Na Grécia Antiga, os governantes eram determinados de 3 maneiras: eleição, indicação e, olhem


só, via sorteio. Cidadãos comuns subiam assim à cena política pois os gregos acreditavam que uma
dimensão política deve ser exercida por aqueles que não desejam governar. Tiririca e Kátia também
são cidadãos comuns e não projetaram sua inserção na política, mas a situação é bem diferente. A
presença de ambos no Congresso não representa a entrada em cenas de sujeitos que não
precisaram se constituir como sujeitos políticos através da disputa e competição para alcançar o
cargo - este era o objetivo do sorteio na Grécia. Antes, ambos são resultados de uma lógica
perversa, resultados da big brotherização da sociedade em que, alguns segundos de hiper-
exposição, leva alguém a uma fama qualquer e assim candidato nas próximas eleições.

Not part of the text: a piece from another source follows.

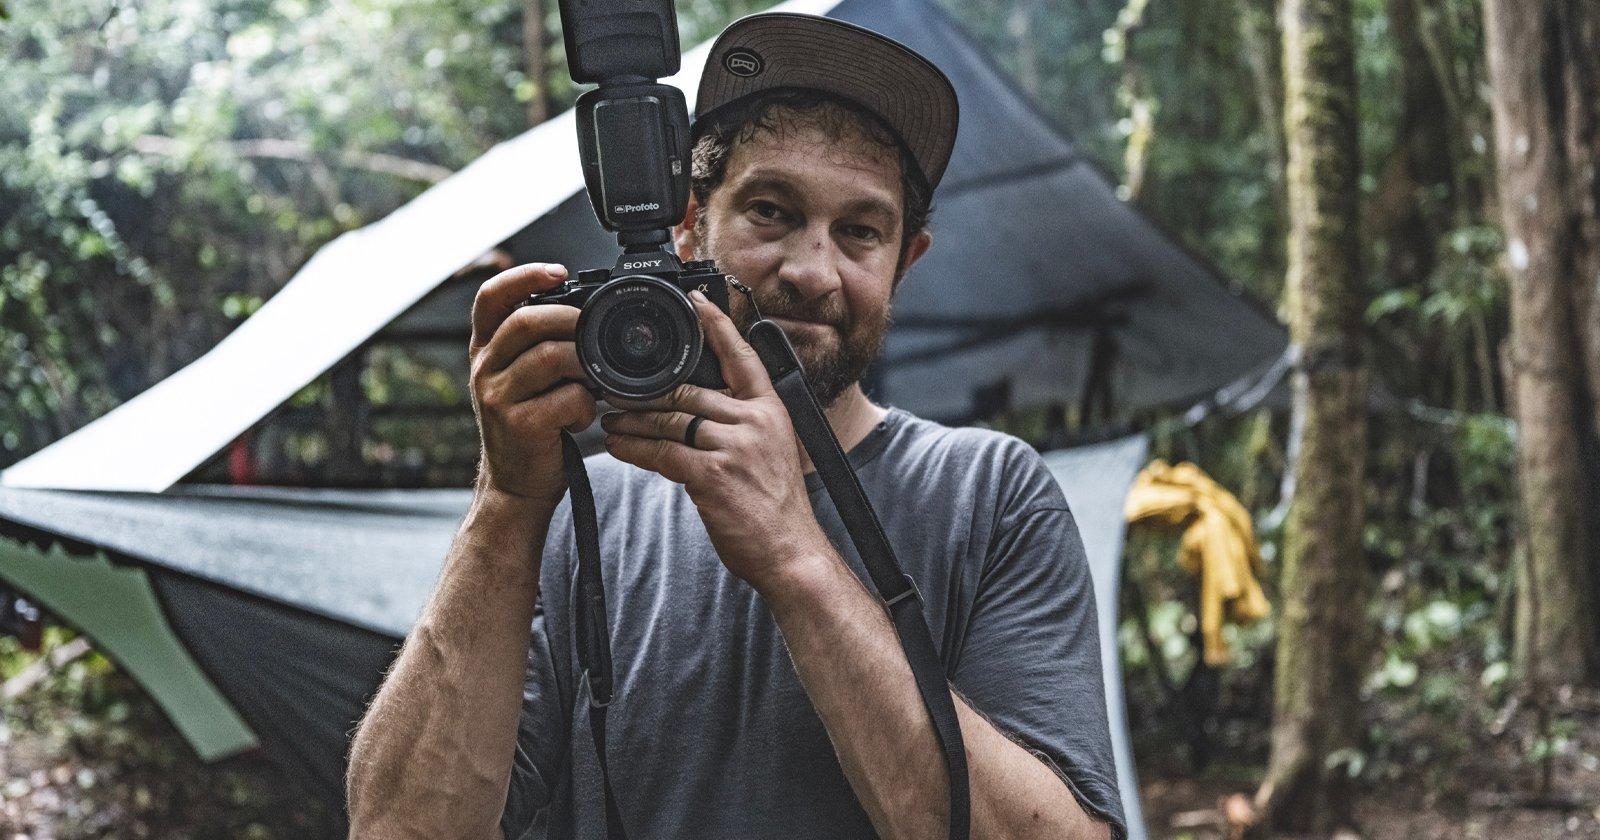 Nat Geo Photographer 'Battle Test' Sony Alpha 1 in Sud America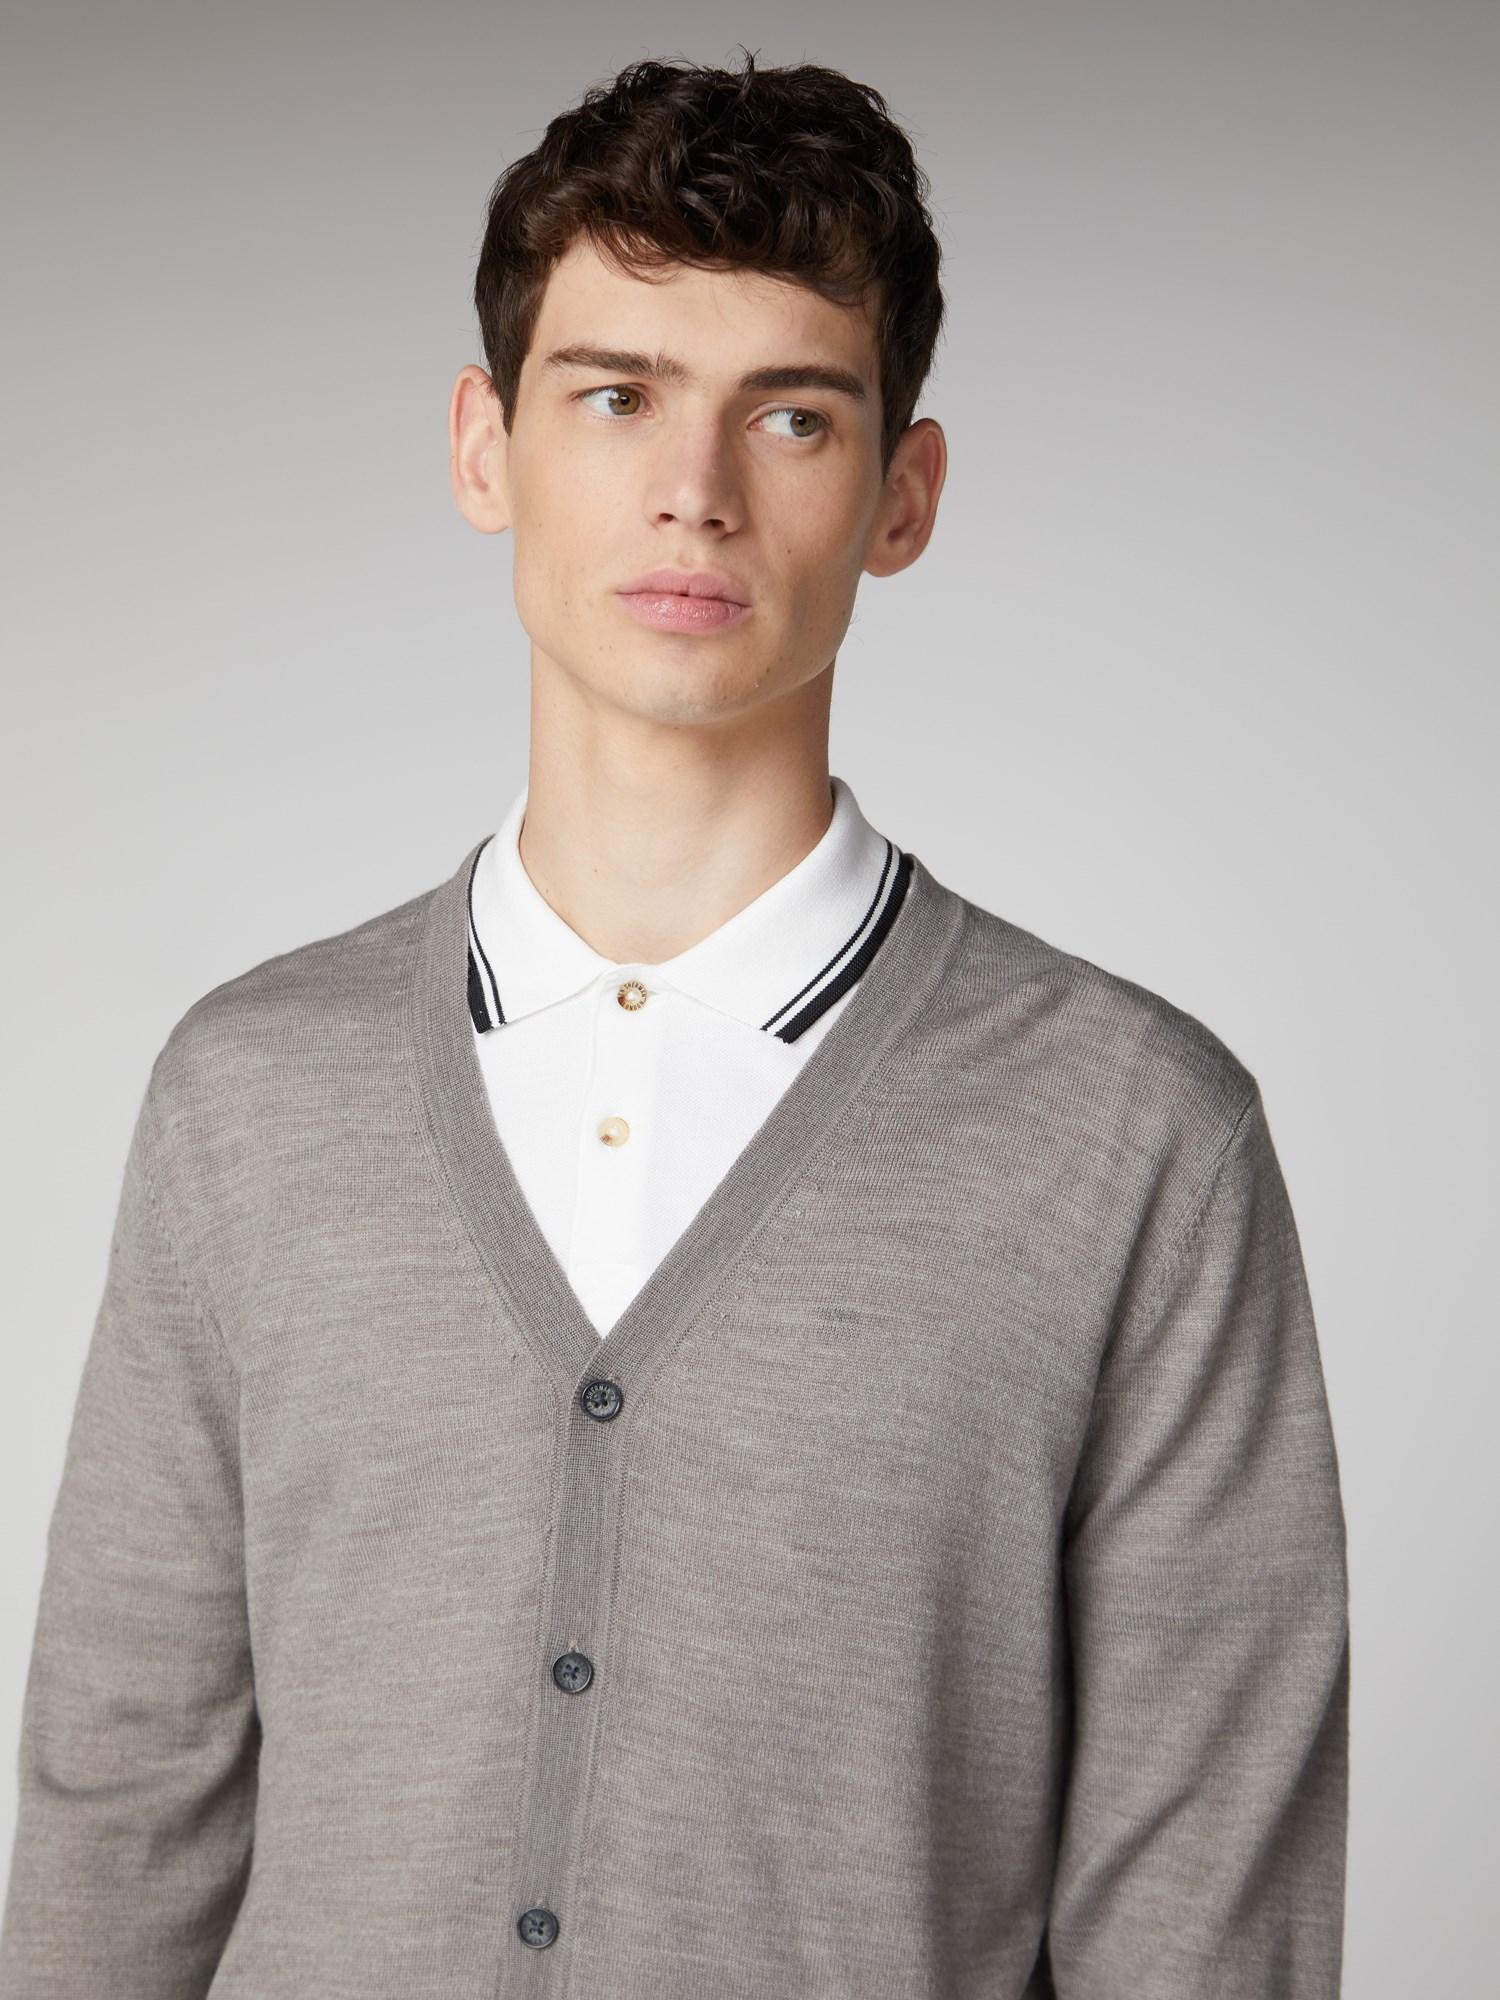 Men's Grey Merino Button Cardigan   Ben Sherman   Est 1963

Diferente do que pode ter ocorrido na primeira eleição de Tiririca, em que o voto suportava esta
carga simbólica do protesto contra a classe política, a insistência em figuras como ele significa a
funcionalização deste protesto e neutralização dos seus efeitos simbólicos. Muito embora os efeitos
mais adversos - a eleição de candidatos obscuros pelos votos que um desses outsiders conquista
para o partido - não cessem tão rapidamente, demorando quatro anos para que dispute novamente
a dança das cadeiras..

É muito provável que o rapaz, caso revistasse a bolsa da cabo Kátia, realmente a matasse quando
encontrasse a arma ali e descobrisse era policial. Como também uma criança poderia ser ferida
caso a policial errasse o tiro ou o assaltante conseguisse atirar mesmo depois de baleado. A questão
não é discutir cada uma das opções, nem muito menos contrapô-las a dados estatísticos. A policial
ter reagido não significou que ela errou, nem teria errado caso não tivesse reagido. Situações
delicadas assim exigem uma resposta tão imediata que somente a própria pessoa, envolvida na
imediatez da situação, pode ter qualquer certeza de como agir. A reação que melhor revela a
intensidade incalculável da situação é de uma outra mãe, que ao fugir esquece a filha e volta para
puxá-la.

A candidatura de Kátia pelo PR e o estima que ela tem por Bolsonaro é sintomático. Anteriormente,
o populismo de esquerda unia polos divergentes em torno de pautas unificantes, impulsionando
políticas neste sentido até o ponto em que era impossível seguir adiante sem privilegiar algum dos
lados. Daí a fragilidade dessas políticas populistas, pois seu sistema de alianças impunha limites
imanentes, momento no qual a corda arrebentava para o lado mais fraco (quando seria diferente, o
golpe de 64 apareceu). Neste momento, o populismo de direita une pessoas de diferentes estratos
sociais de dois modos. Primeiro, pelo sentimento de indignação fiador de um desejo de política anti-
sistêmica, fundanda sobre um maniqueísmo entre classe política e os demais cidadãos. Segundo,
pelo ressentimento e espírito de vingança contra as próprias vítimas - ou seja, um ressentimento
que não é das vítimas, elas mesmas, mas um ressentimento daqueles que se indignam com o
tratamento dado à ela. Terceiro, pela ativação do afeto mais sensível das pessoas, o medo, insinsto
na hipótese de que, sem seu autoritarismo no poder, estaremos entregues à barbárie e aos
bandidos.

A combinação desses três fatores explica a ascensão de Kátia. Para estas pessoas, defender
bandido é a quintessência da boa consciência. A direita autoritária e conservadora então se vale do
medo para ridicularizar a boa consciência (“adote um bandido? leva pra casa!” Sheherazade) e,
através do ressentimento contra as supostas vítimas (protegidas direitos humanos, por exemplo),
elevam à condição de norma a ideia de que “bandido bom é bandido morto”. Por isso, a vibração
diante do gesto do policial quando matava o assaltante, a redução do mesmo à condição de mero
objeto e, em nome da política anti-sistêmica, a instrumentalização do fato como meio de angariar
votos ao alavancar Kátia ao posto candidata nas próximas eleições.

É certo que a esquerda também viveu momentos de perversão. Circulamos nas redes com
demasiado afã as imagens de Garotinho sendo levado preso na parte de trás da viatura, por
exemplo. Mas esse afeto é incapaz de mobilizar o nosso campo político. Pelo contrário, o que nos
mobiliza é a imaginação, o sentimento de solidariedade, a certeza de que o fracasso nenhum é
razão suficiente para a abdicação de nossa imaginação política.